Fleetwood Mac singles chronology
| "Say You Will" (2003) | "Sad Angel" (2013) |  |

= Sad Angel =

'Sad Angel' is a song by Fleetwood Mac, written by guitarist and vocalist Lindsey Buckingham, from their EP Extended Play, released in 2013.

==Background==
The band intended to release "Sad Angel" and another Buckingham song, "Miss Fantasy", before their 2013 world tour.
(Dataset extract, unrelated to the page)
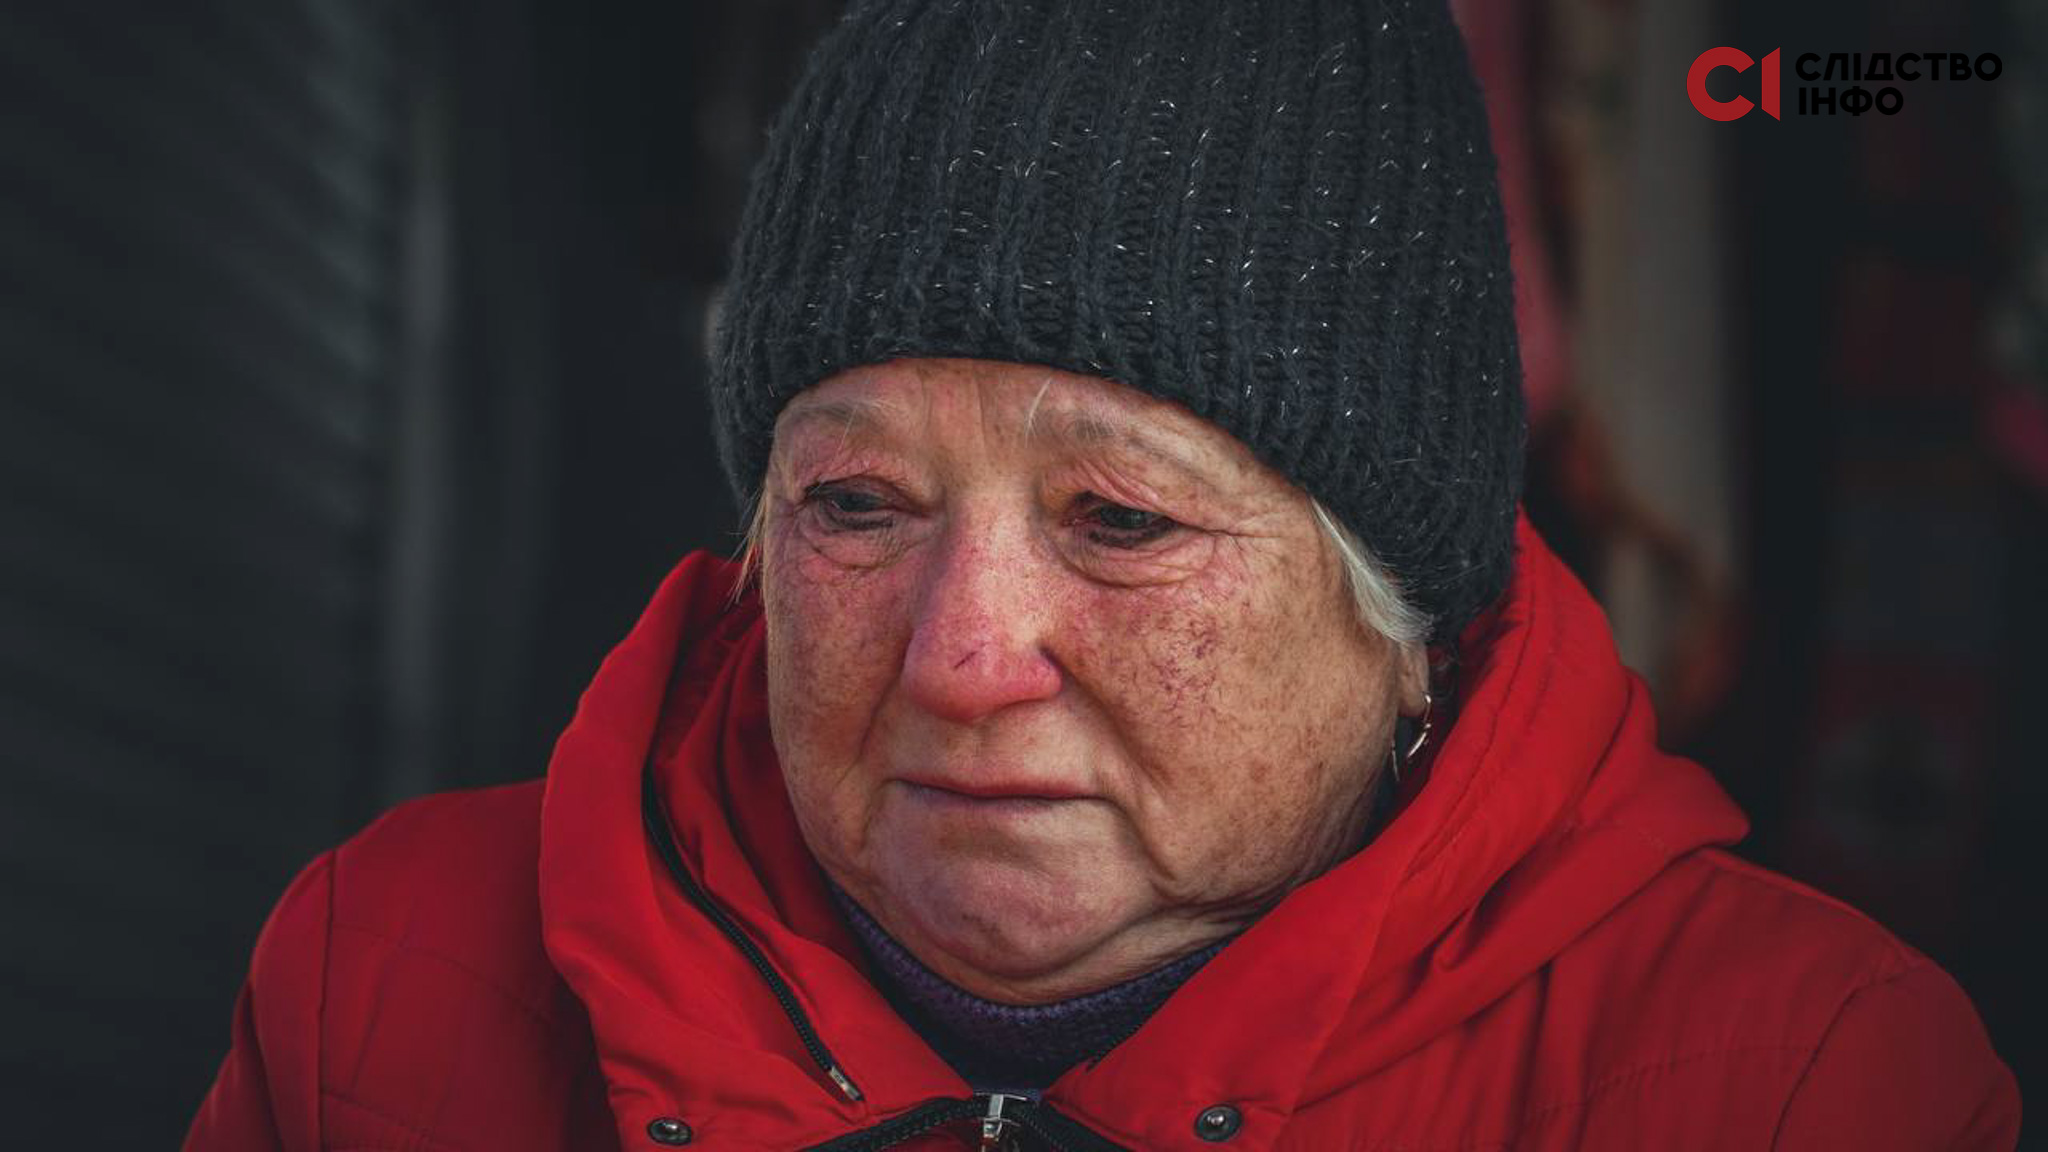 Заплакана старша жінка у чорній шапці й червоній куртці

The band instead included both of these songs on a four song EP titled Extended Play along with "It Takes Time" and "Without You".

Buckingham wrote "Sad Angel" for his former girlfriend Stevie Nicks. "All these years later, we are still writing songs that are dialogues for each other," he says. "That was part of the appeal of Rumours, and of the group in general... Of all the things we cut, "Sad Angel" was, for lack of a better term, the most Fleetwood Mac-y. It was really kind of the best stuff that we have done in a while."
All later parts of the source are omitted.